● **TASK GOAL**
Beneath this instruction is a listing; print exactly the lines in it starting at the line that contains "Homage Ohio Is For Lovers Hoodie Homage" and going through the line that contains "Women's panties Gina".

● **DATASET ENTRIES**
==============================
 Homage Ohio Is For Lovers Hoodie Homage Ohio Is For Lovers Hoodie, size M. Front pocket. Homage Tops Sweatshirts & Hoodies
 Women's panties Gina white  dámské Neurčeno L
==============================
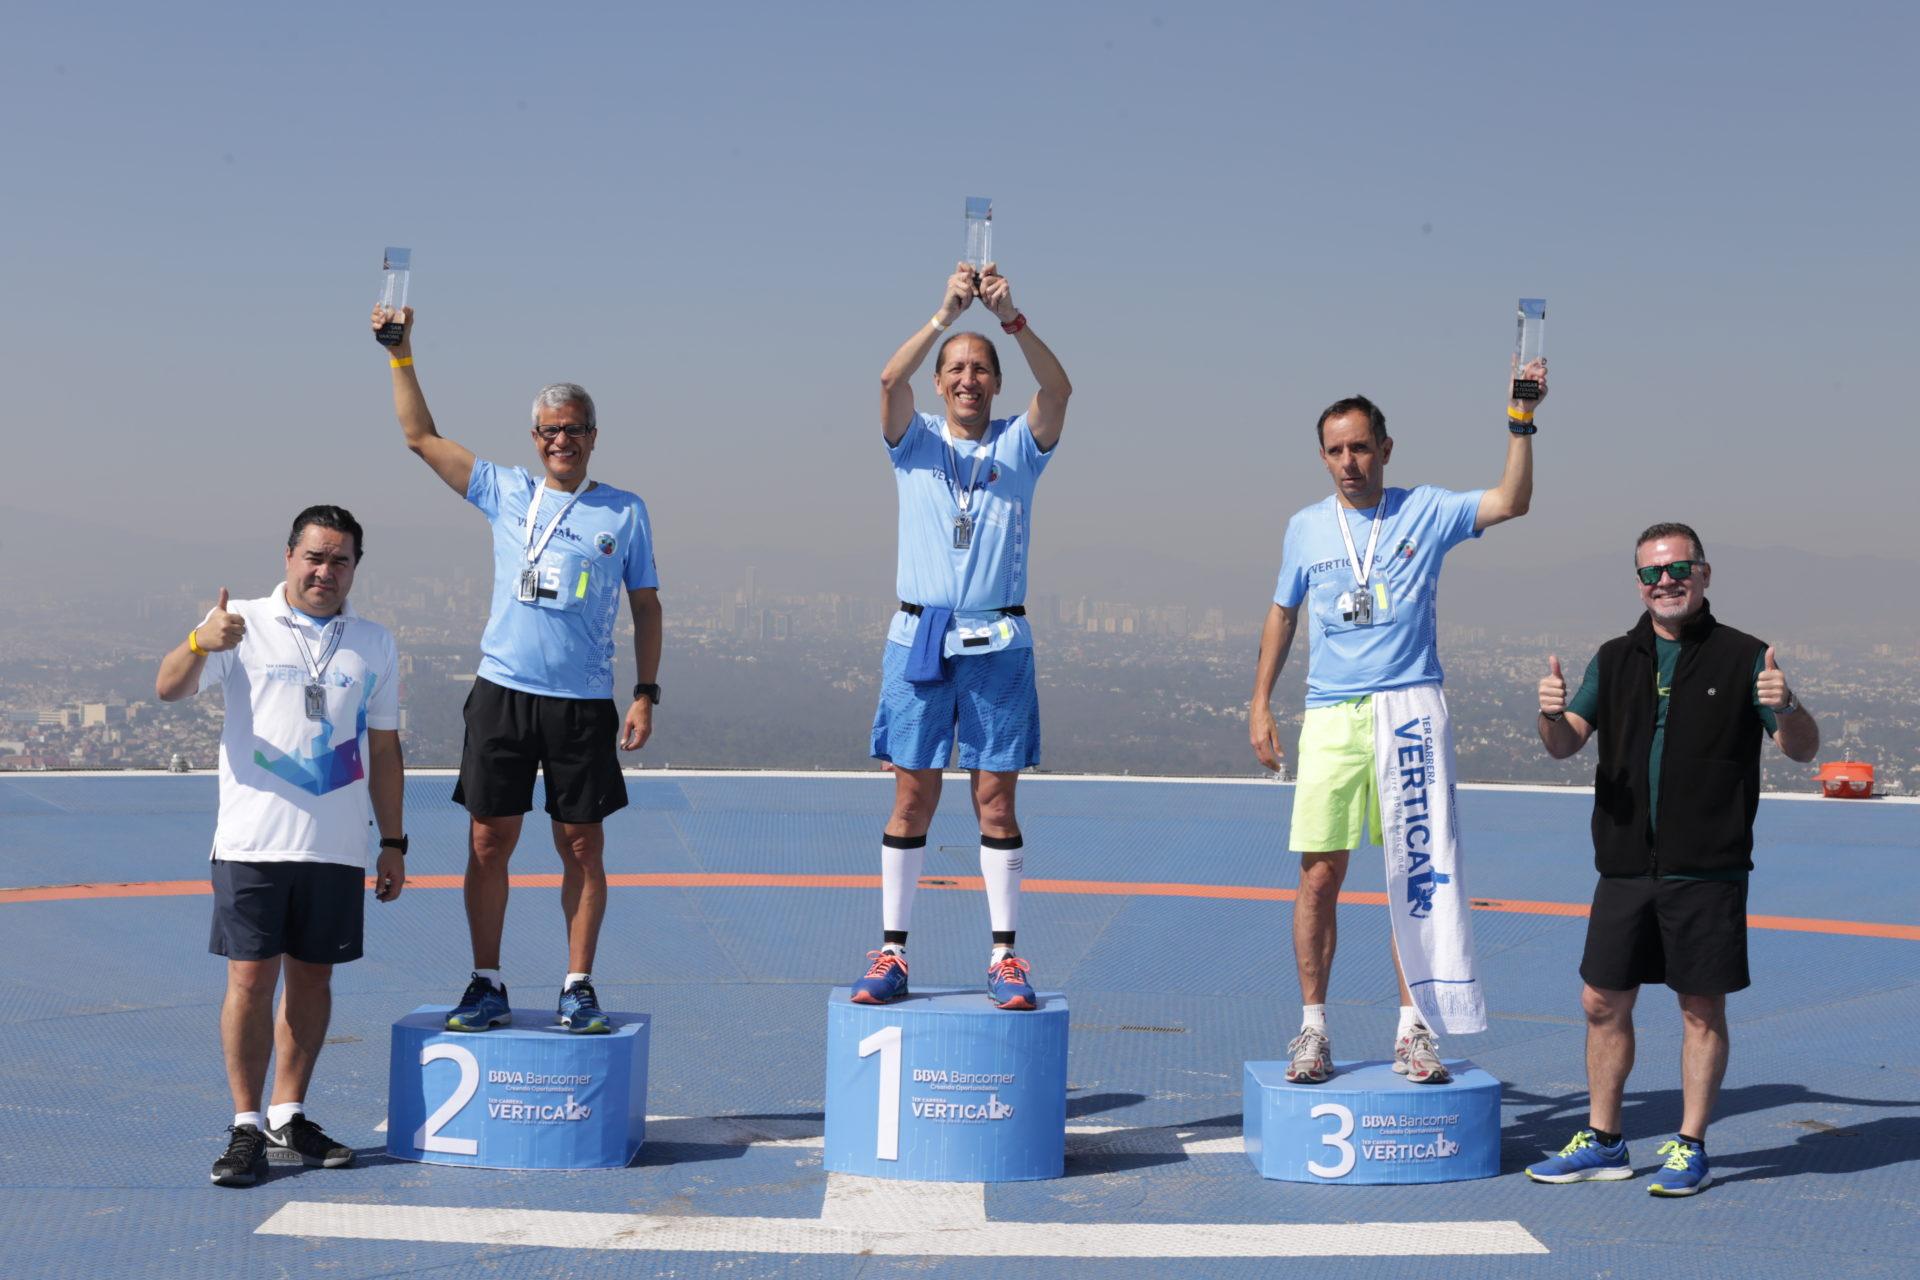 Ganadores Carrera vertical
==============================
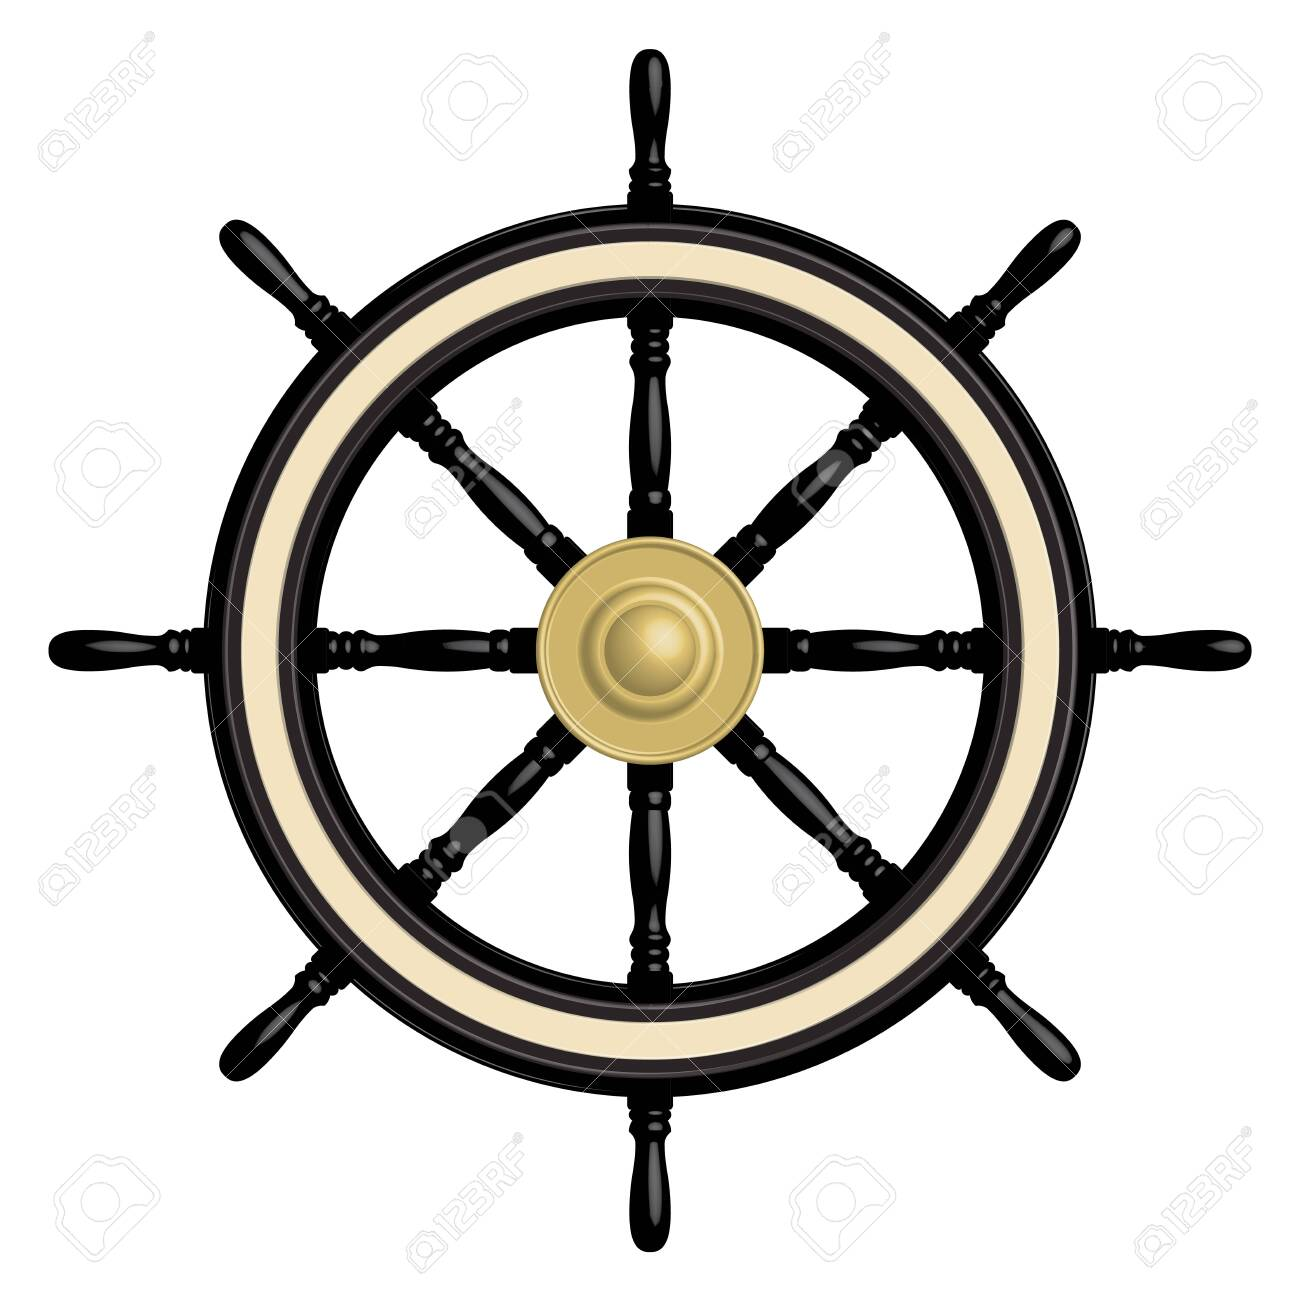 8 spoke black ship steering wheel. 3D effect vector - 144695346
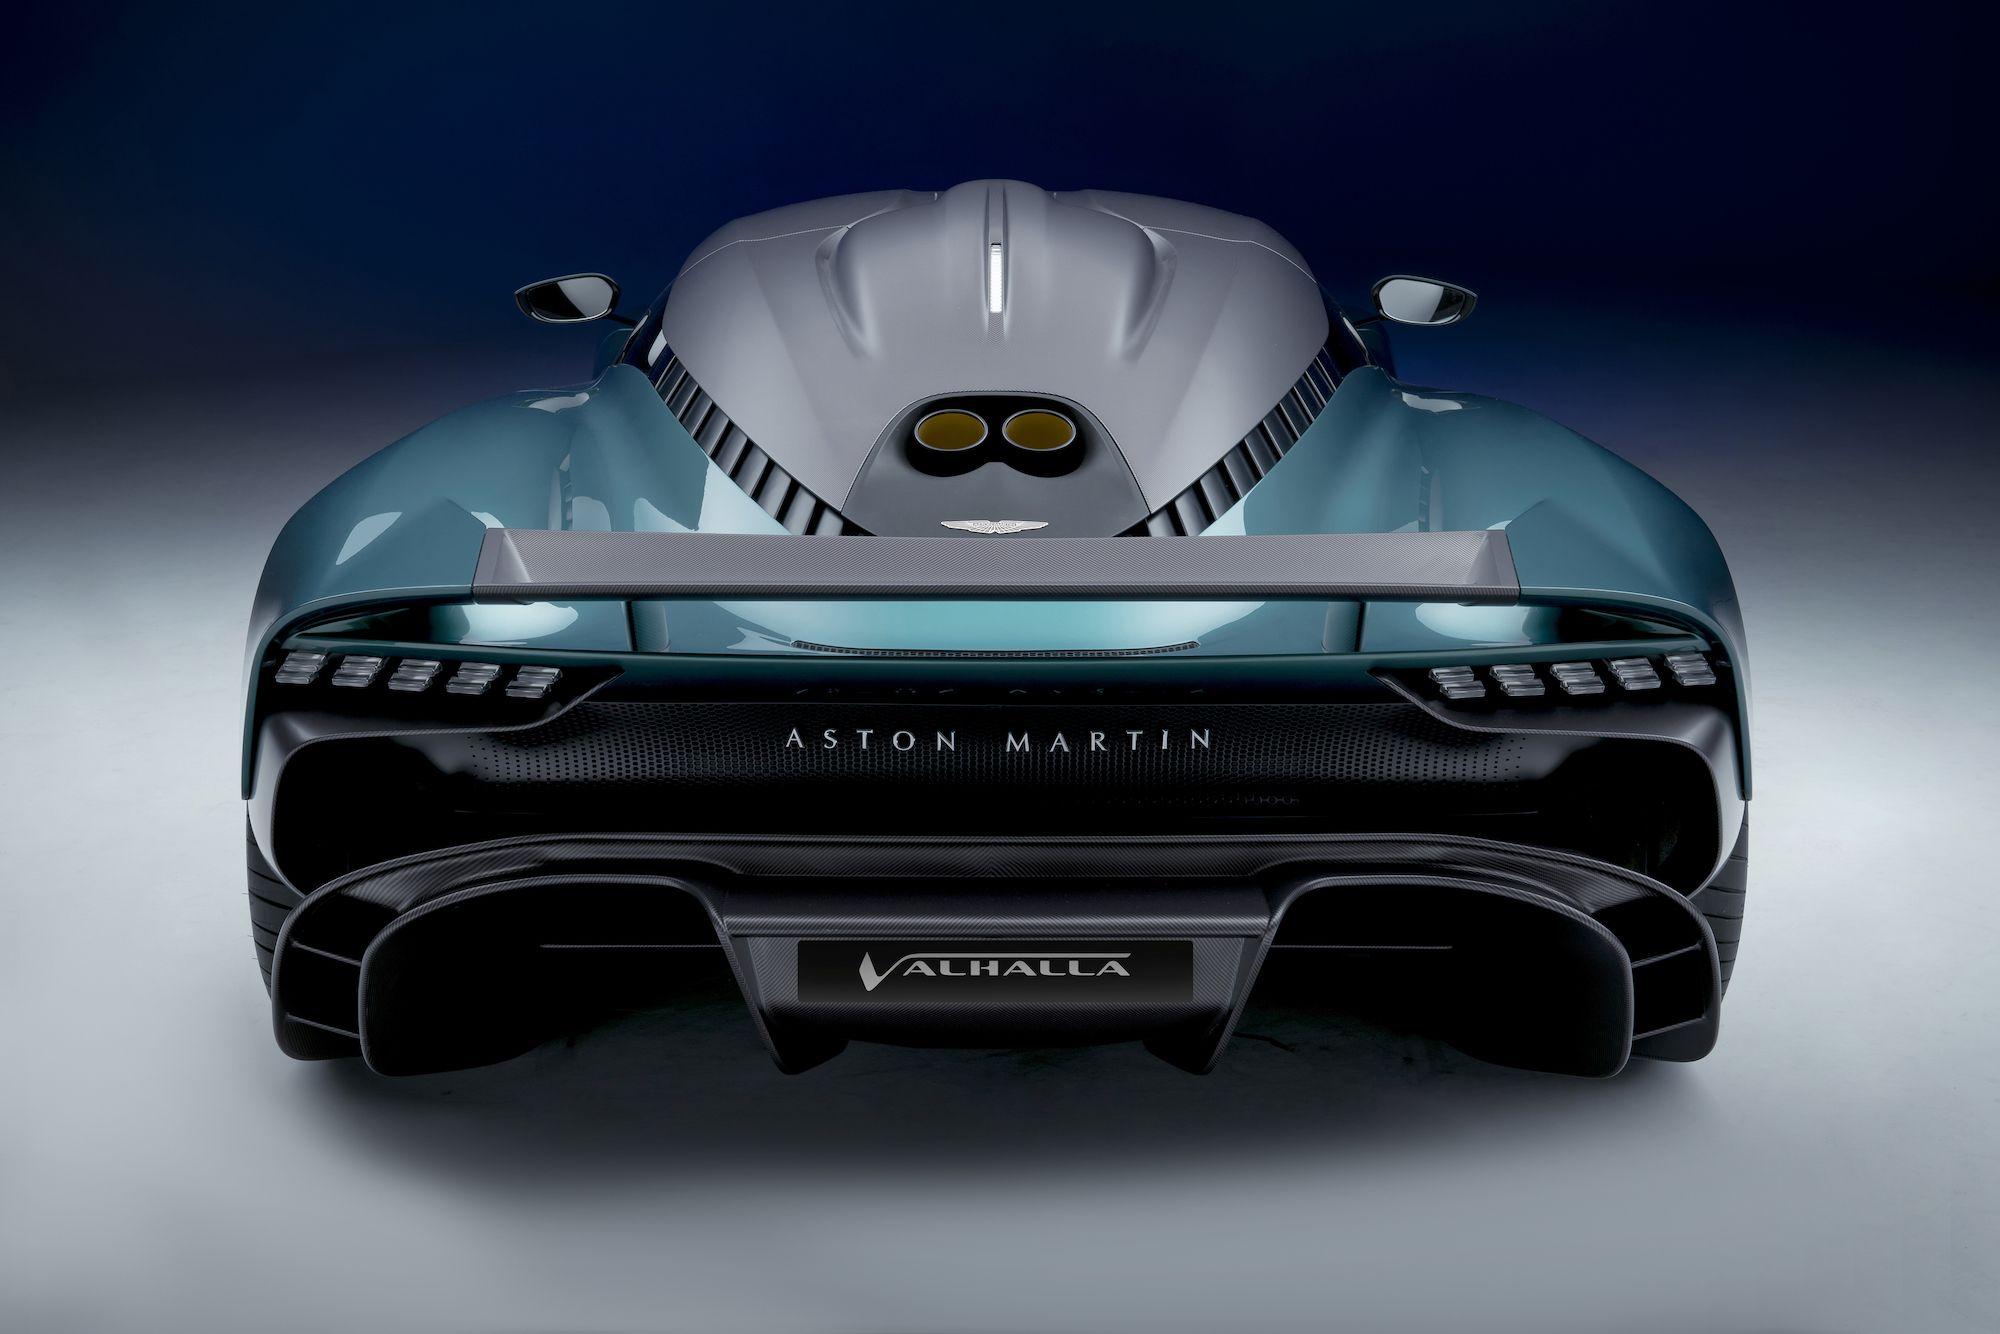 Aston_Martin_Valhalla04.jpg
==============================
● **WRITTEN SOLUTION**
 Homage Ohio Is For Lovers Hoodie Homage Ohio Is For Lovers Hoodie, size M. Front pocket. Homage Tops Sweatshirts & Hoodies
 Women's panties Gina white  dámské Neurčeno L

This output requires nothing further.